Через несколько дней мы поехали на кладбище, чтобы справить поминки (похороны прошли, пока я был в больнице), в село Ивановское Дмитровского района Московской области — в родовую деревню отца, где и я провел большую часть детства.

Мы проходим вдоль могил. Вот Саша Матросов, папин друг: он умер еще в 1994 году, молодым 23-летним пацаном, его убили в собственной машине. Он тоже был озорным разбойником, телами которых так щедро удобряли русский чернозем в 1990-е годы. Его расстреляли через месяц после освобождения из тюрьмы. Матросовская молодая жена (кажется, ее звали Оксана) потом еще несколько лет приезжала в деревню, жила в семье Матросова и играла с нами, совсем мелкими мальчишками, во дворе. Я не запомнил ее лица, но помню, что она была очень красивая, и я смущался, когда она на меня смотрела.
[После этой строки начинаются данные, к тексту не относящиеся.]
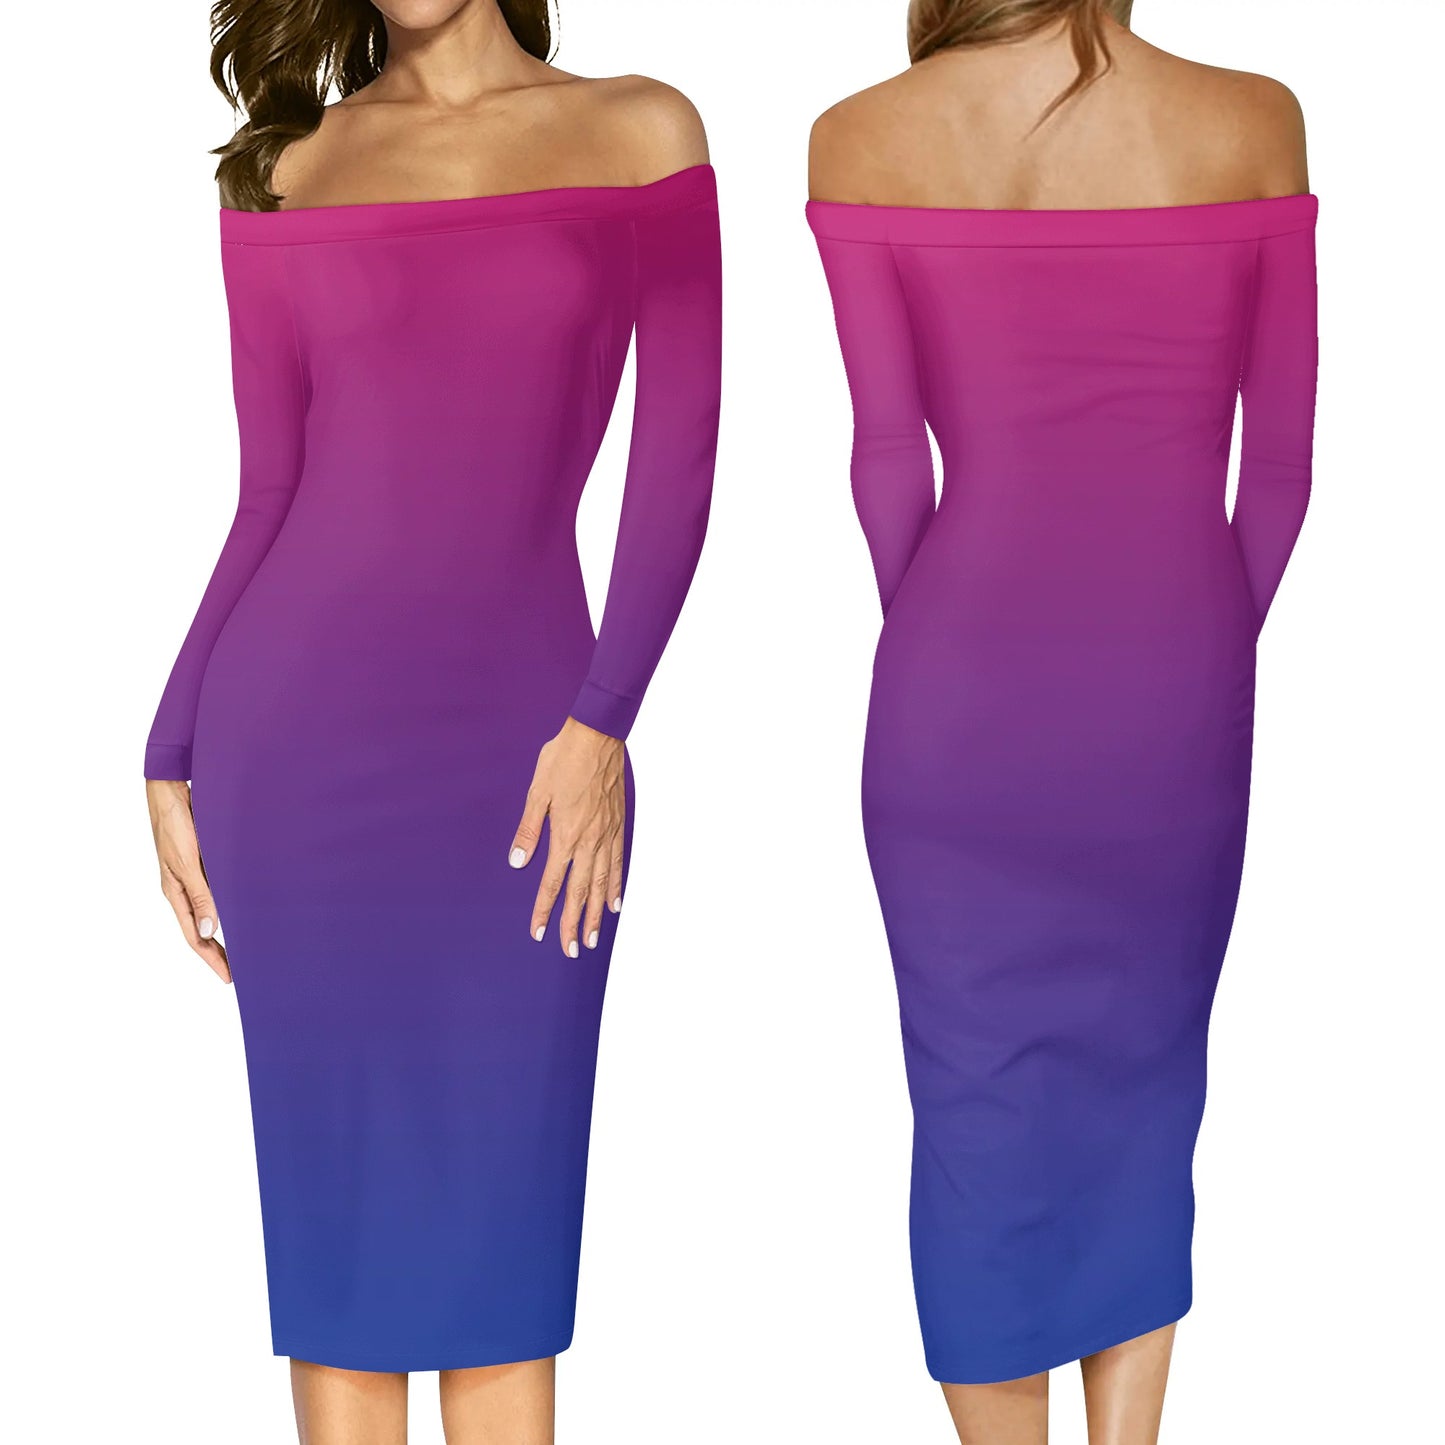 Bisexual Pride Off The Shoulder Long Sleeve Elegant Wrap Dress - Rose Gold Co. Shop

Затем мы проходим могилу другого моего деда, отца отца. Его, как и деда по матери, тоже звали Борис. Фотографии на памятнике нет, и я даже не знаю, как он выглядел. Он погиб еще в 1968 году, моему отцу тогда было 5 лет. Деда зарезали на Ильин день, 2 августа, когда он хмельной шел из кабака. Моя бабка осталась одна с тремя детьми.

Как и все захоронения в России, семейные могилы Моховых окружены голубой оградой, отделяющей наши глиняные дома от посягательств чужаков. Мы доходим до могилы отца. Стоит душный июль, на кладбище пахнет гнилью. Собралось много людей, на дорогих джипах и в черных пиджаках они приехали почтить память боевого друга и поклясться в вечной верности его семье. Через несколько лет история поглотит их имена, и никого из тех прощавшихся я, конечно, уже никогда не увижу.